Although small businesses may ultimately want similar things as enterprise clients (eg find new customer leads, save time & money), the nuances of how she’ll get there will be completely different.  How deeply we understand these differences will determine our success in winning her over.  In sharing my lessons learned - some obvious and some not so obvious - my hope is to shortcut those learnings as we build to support this audience.  

1/ Reskinned enterprise tools =/= SMB tools

At FB, the ads tool for SMBs was internally called “Lightweight Interfaces.”  It was basically a slimmed down version of our core power tools, with a simplified UI.  The front end was different, but the backend was essentially the same.  This was a massive problem.  Here’s one example why:

When I worked with Walmart’s marketing department, there were individual leaders for brand, performance, and social marketing.  We could build distinct products tailored to each.  My SMB client on the other hand?  She was the brand, performance, and social marketing lead rolled up into one.  And she expected one solution that delivered all three outcomes.  She wasn’t asking for a UI/UX change - this was a fundamentally different product than what we offered.

2/ Customer ROI needs to account for both investment of time & money

When I started working with SMBs, I intrinsically acknowledged that our tools needed to be cost effective.  But until I began shadowing our customers, it didn’t really sink in how time constrained they were.  The SMB client had a full-time job - whether that’s selling houses, providing tax advice, or baking cakes.  And now she’s expected to be a marketer, accounting guru, and compliance expert.

3/ Deliver immediate results

Before FB, I had largely worked with Fortune 500 clients with six figure test budgets to “test and learn” over a pilot period.  Test budgets for SMB customers?  LOL.  

4/ Speak plain ‘English’, and don’t forget to localize

When I first transitioned from finance to tech, I kept a little notebook where I wrote down all the terms I didn’t understand.  Then I’d go home and Google terms like “impressions, click through rates, and frequency caps.”  I was mystified and terrified those first few months.

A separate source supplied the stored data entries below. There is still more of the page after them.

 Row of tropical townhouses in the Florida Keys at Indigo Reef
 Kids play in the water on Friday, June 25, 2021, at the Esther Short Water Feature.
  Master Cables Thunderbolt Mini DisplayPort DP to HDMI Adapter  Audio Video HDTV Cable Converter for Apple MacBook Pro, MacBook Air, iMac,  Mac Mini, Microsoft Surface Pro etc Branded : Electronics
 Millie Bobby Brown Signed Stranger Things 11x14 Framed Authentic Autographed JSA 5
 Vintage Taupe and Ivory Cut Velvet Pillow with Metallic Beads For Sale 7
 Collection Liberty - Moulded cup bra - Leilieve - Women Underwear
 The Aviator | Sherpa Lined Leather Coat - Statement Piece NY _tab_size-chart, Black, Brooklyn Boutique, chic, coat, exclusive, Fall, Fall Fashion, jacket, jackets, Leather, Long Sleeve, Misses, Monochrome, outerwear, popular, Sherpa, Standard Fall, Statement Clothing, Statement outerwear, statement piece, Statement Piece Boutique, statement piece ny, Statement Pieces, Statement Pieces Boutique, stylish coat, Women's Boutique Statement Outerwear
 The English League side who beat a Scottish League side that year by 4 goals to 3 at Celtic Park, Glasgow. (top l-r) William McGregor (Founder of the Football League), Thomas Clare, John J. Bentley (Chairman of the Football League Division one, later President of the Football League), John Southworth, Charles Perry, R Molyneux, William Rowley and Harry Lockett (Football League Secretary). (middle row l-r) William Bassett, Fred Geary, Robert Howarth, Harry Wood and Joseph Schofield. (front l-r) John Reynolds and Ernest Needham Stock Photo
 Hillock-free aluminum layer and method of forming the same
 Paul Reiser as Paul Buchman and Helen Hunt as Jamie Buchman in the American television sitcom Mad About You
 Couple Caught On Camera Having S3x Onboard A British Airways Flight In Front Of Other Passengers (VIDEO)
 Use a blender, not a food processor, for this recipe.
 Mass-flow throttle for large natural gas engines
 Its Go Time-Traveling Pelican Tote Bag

When I started covering SMBs, those emotions came rushing back.  Because in speaking with our customer, we realized that’s how she felt.  We didn’t get better overnight, but this awareness pushed us to get to the heart of what we intended to communicate, vs relying on shorthand.

In that same vein, as startups go global, increasingly from the early days, a reminder to consider how your messaging translates abroad.  Case in point:  We were excited to launch “Ads Camp”, a guided tour on advertising basics.  It was a cute take on summer adventure camps.  But as a colleague from Singapore pointed out, this concept had no relevance in Asia.  D’oh.

5/ Provide encouragement and celebrate the small wins

It’s human nature to enjoy doing the things we’re good at, and avoid situations where we feel inadequate.  It’s why I always avoided playing sports in school.  

The SMB customer feels the same way in this new world of digital tools.  She’s having to learn new skills, and learn them fast.  In situations like this, we all need encouragement.  At FB, we learned to identify ‘small wins’ and celebrate them, showing how she was one step closer to achieving her goals.  This is a concept that many workout apps deploy, and it works elsewhere.  

6/ Mobile first increasingly wins

Although consumer apps are increasingly mobile only, many business apps are still approached with a desktop-first approach.  This isn’t entirely without merit.  When’s the last time you pulled up gDocs or Excel on your phone? But unlike the desk worker, your SMB customer is at the register, on the sales floor, or at a client site.  

In emerging markets, she may not even own a computer.  Partly because of cost, but partly because she doesn’t need to - she’s conducting all her transactions via WhatsApp on her Android phone.  Want to be part of her workflow?  Design it for mobile.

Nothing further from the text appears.